Organ meats fill many other potential gaps. Liver provides vitamin A and B vitamins in quantities that dwarf any muscle meat. However, Cleveland Clinic notes that pregnant individuals should avoid large amounts of organ meat due to the very high vitamin A content, which can be harmful to fetal development.
The Adaptation Period
The first one to four weeks on a carnivore diet often come with side effects that mirror the “keto flu.” Fatigue, headaches, irritability, muscle cramps, and digestive changes are common as your body shifts from burning carbohydrates to relying on fat for fuel.
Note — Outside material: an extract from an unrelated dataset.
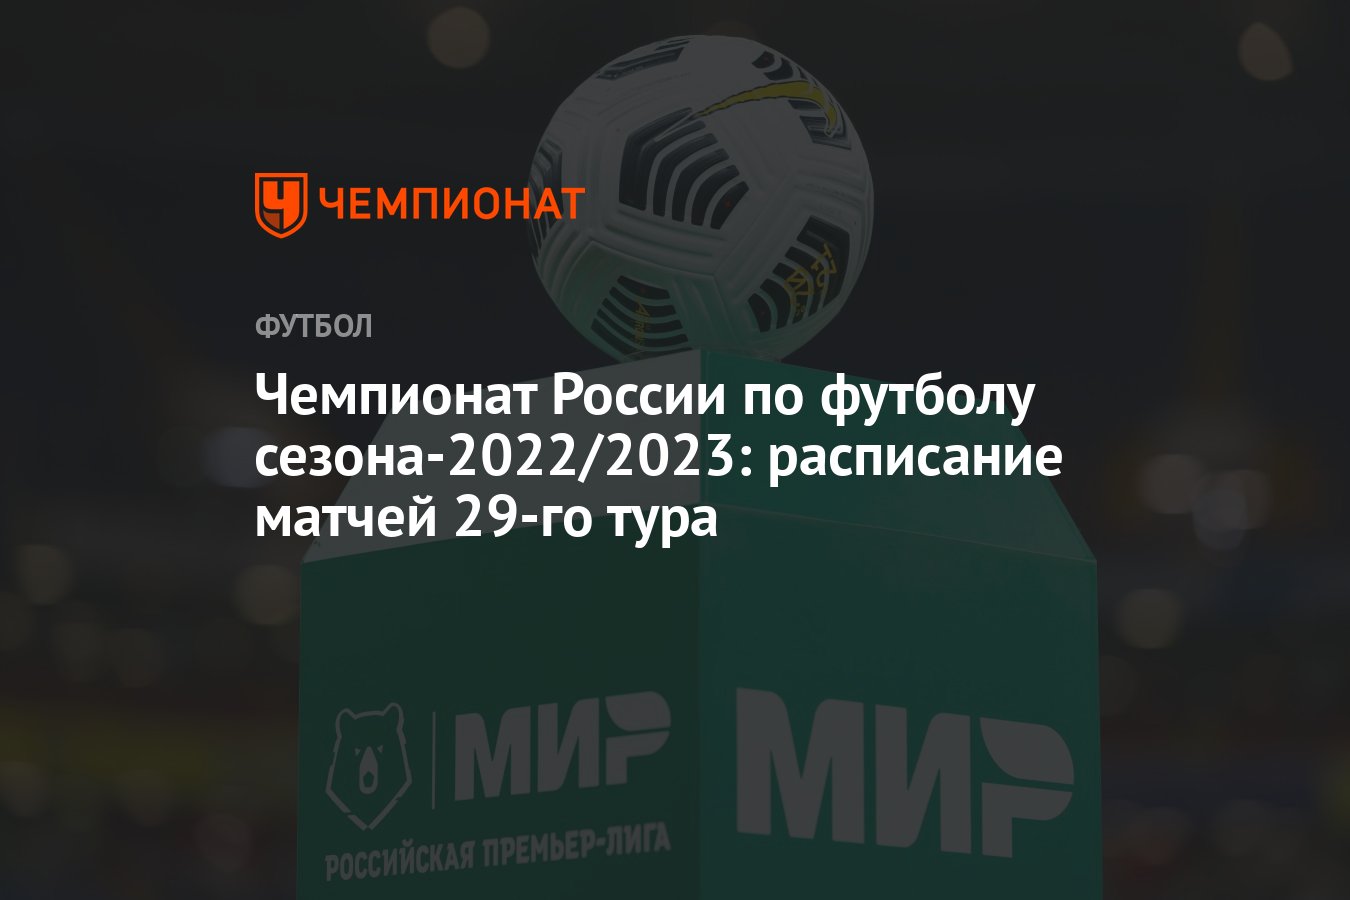 Чемпионат России по футболу сезона-2022/2023: расписание матчей 29-го тура  - Чемпионат

Electrolyte loss drives much of this discomfort. When you cut carbs sharply, your kidneys excrete more sodium, and potassium and magnesium follow. Recommendations from ketogenic diet research suggest aiming for 3,000 to 5,000 mg of sodium and 3,000 to 4,000 mg of potassium daily during this phase. For magnesium, 300 to 500 mg per day is a reasonable starting point. Salting food liberally, drinking bone broth, and eating potassium-rich meats like salmon help. Persistent muscle cramps usually signal magnesium depletion and can take several weeks of consistent intake to resolve.
Reported Health Outcomes
A 2021 survey published in Current Developments in Nutrition collected self-reported health data from over 2,000 adults following a carnivore diet. The numbers were striking, though they carry the limitations of any self-reported survey. Among participants who had been overweight or obese, 52 percent said the condition resolved and another 41 percent reported improvement. For those with diabetes or insulin resistance, 74 percent reported resolution and 24 percent reported improvement. Autoimmune conditions saw 36 percent resolution and 53 percent improvement.
These are encouraging signals, but they don’t come from a controlled clinical trial. People who stick with a restrictive diet long enough to fill out a survey are a self-selecting group, and there’s no comparison to other dietary interventions.
Cholesterol and Heart Health Concerns
The carnivore diet is inherently high in saturated fat and dietary cholesterol. For many people, this raises LDL cholesterol, the type associated with plaque buildup in arteries and increased risk of heart disease and stroke. This is the primary concern that cardiologists raise about the diet.
Some followers see their LDL rise dramatically while HDL (the protective type) also climbs and triglycerides drop. This pattern, sometimes called the “lean mass hyper-responder” profile, tends to appear in lean, active people eating very high fat. Whether elevated LDL in this context carries the same cardiovascular risk as elevated LDL in someone eating a standard diet remains an open and actively debated question. If you’re on this diet, getting your lipid panel checked periodically gives you actual data to work with rather than guessing.
A Typical Day of Eating
Most carnivore dieters eat two or three meals per day, with many gravitating toward two as appetite naturally decreases. A typical day might look like eggs cooked in butter for a first meal, then a large ribeye steak or fatty ground beef patties for the second. Snacking tends to drop off because the high fat and protein content keeps hunger suppressed for hours.
Variety comes from rotating protein sources: salmon one day, lamb chops the next, a burger patty with cheese after that. People who follow the nose-to-tail approach might add a small portion of liver a few times per week. Cooking methods are simple since there are no vegetable sides or sauces to prepare. Salt is the primary seasoning, and many followers find their taste preferences shift noticeably within the first month, with fattier cuts becoming more satisfying and cravings for sweet or starchy foods diminishing.